Say we're fitting an AR(2) model to some data, ie we're saying that we think that the data can be modeled as follows:

Xt = a1 Xt-1 + a2 Xt-2 + et

where {et} is a white noise process.

All ARMA models assume the {et} follow a white noise process and it is this assumption that we check when doing the diagnostics. We do this by calculating the residuals, which are the fitted values of the {et} for a particular model. For example, say we estimate a1 and a2 to be 0.3 and 0.1, then:

e^hat(t) = Xt - 0.3Xt-1 - 0.1Xt-2

We then check whether the e^hat(t) (the residuals) appear to be a white noise process. If not, then this suggests that we haven't got the structure of the model correct.

Hope this helps!

Andy
 
Hi Molly

Say we're fitting an AR(2) model to some data, ie we're saying that we think that the data can be modeled as follows:

Xt = a1 Xt-1 + a2 Xt-2 + et

where {et} is a white noise process.

All ARMA models assume the {et} follow a white noise process and it is this assumption that we check when doing the diagnostics. We do this by calculating the residuals, which are the fitted values of the {et} for a particular model. For example, say we estimate a1 and a2 to be 0.3 and 0.1, then:

e^hat(t) = Xt - 0.3Xt-1 - 0.1Xt-2

We then check whether the e^hat(t) (the residuals) appear to be a white noise process. If not, then this suggests that we haven't got the structure of the model correct.

Hope this helps!

Andy
Hi Andy,

that really does help so much thank you!

So we use the turning point test to check whether the residuals are white noise.
We can use the portmaneu test to do this too right? looking at April 2021, Question 9, although our actual model is ARMA(2,0) we have
m-(p+q)=3-(0+0) because we are testing for white noise so ARIMA(0,0).
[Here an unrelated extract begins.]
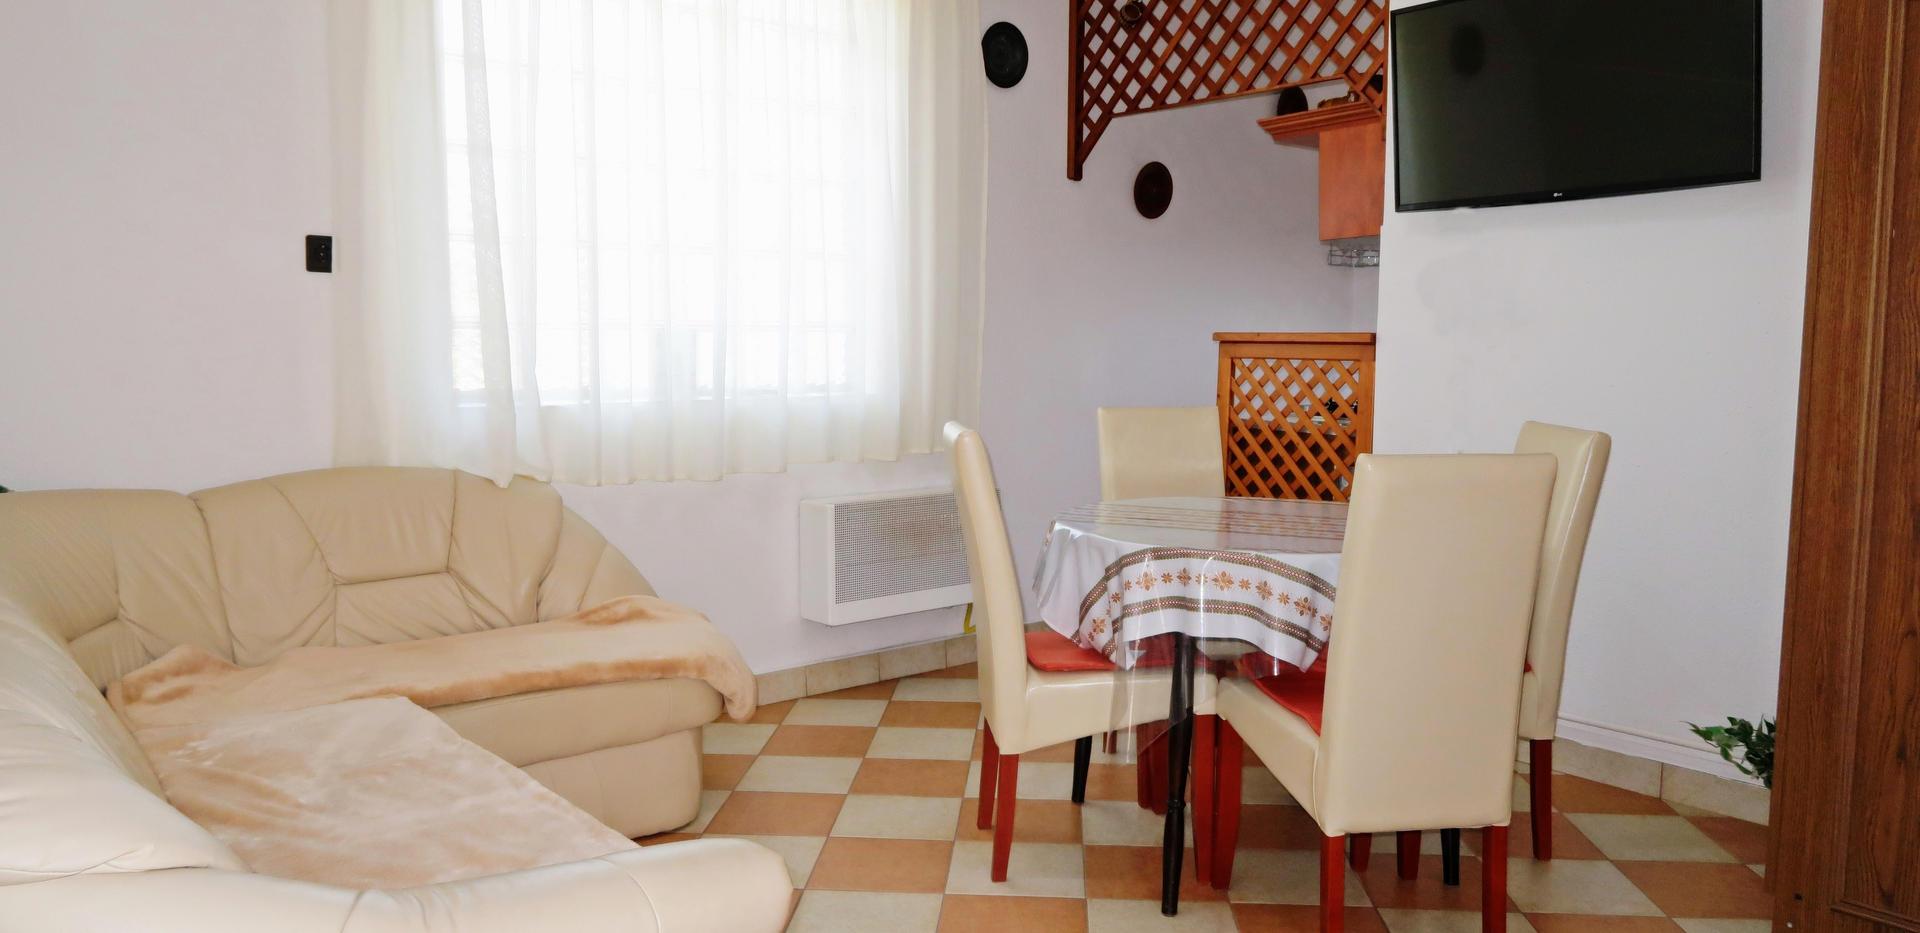 Zalakaros_2-es Ház_4 személyes apartman

So will this always be the case? should we always omit to ar part for this question? or is this test completely different, is this test for whether the process as a whole is white noise, where the turning points test is concerned only with whether the residuals are white noise?

Thanks so much
 
Hi Molly

That's right, the portmanteau test is also used to investigate whether the residuals appear to form a sample from a white noise process. When we do a portmanteau test we consider the magnitude of the sample autocorrelations. We have to choose how many autocorrelations (lags) to consider and this factors into the degrees of freedom for the relevant chi-squared distribution.

The degrees of freedom are m - (p+q) as you say, where m is the number of lags and p and q are the orders of the fitted model. So, if we have ARMA(2,0) then p + q = 2 and if m were 3 we would have 3 - (2) = 1. If we had fitted an ARMA(1,1) then p + q = 2 again etc.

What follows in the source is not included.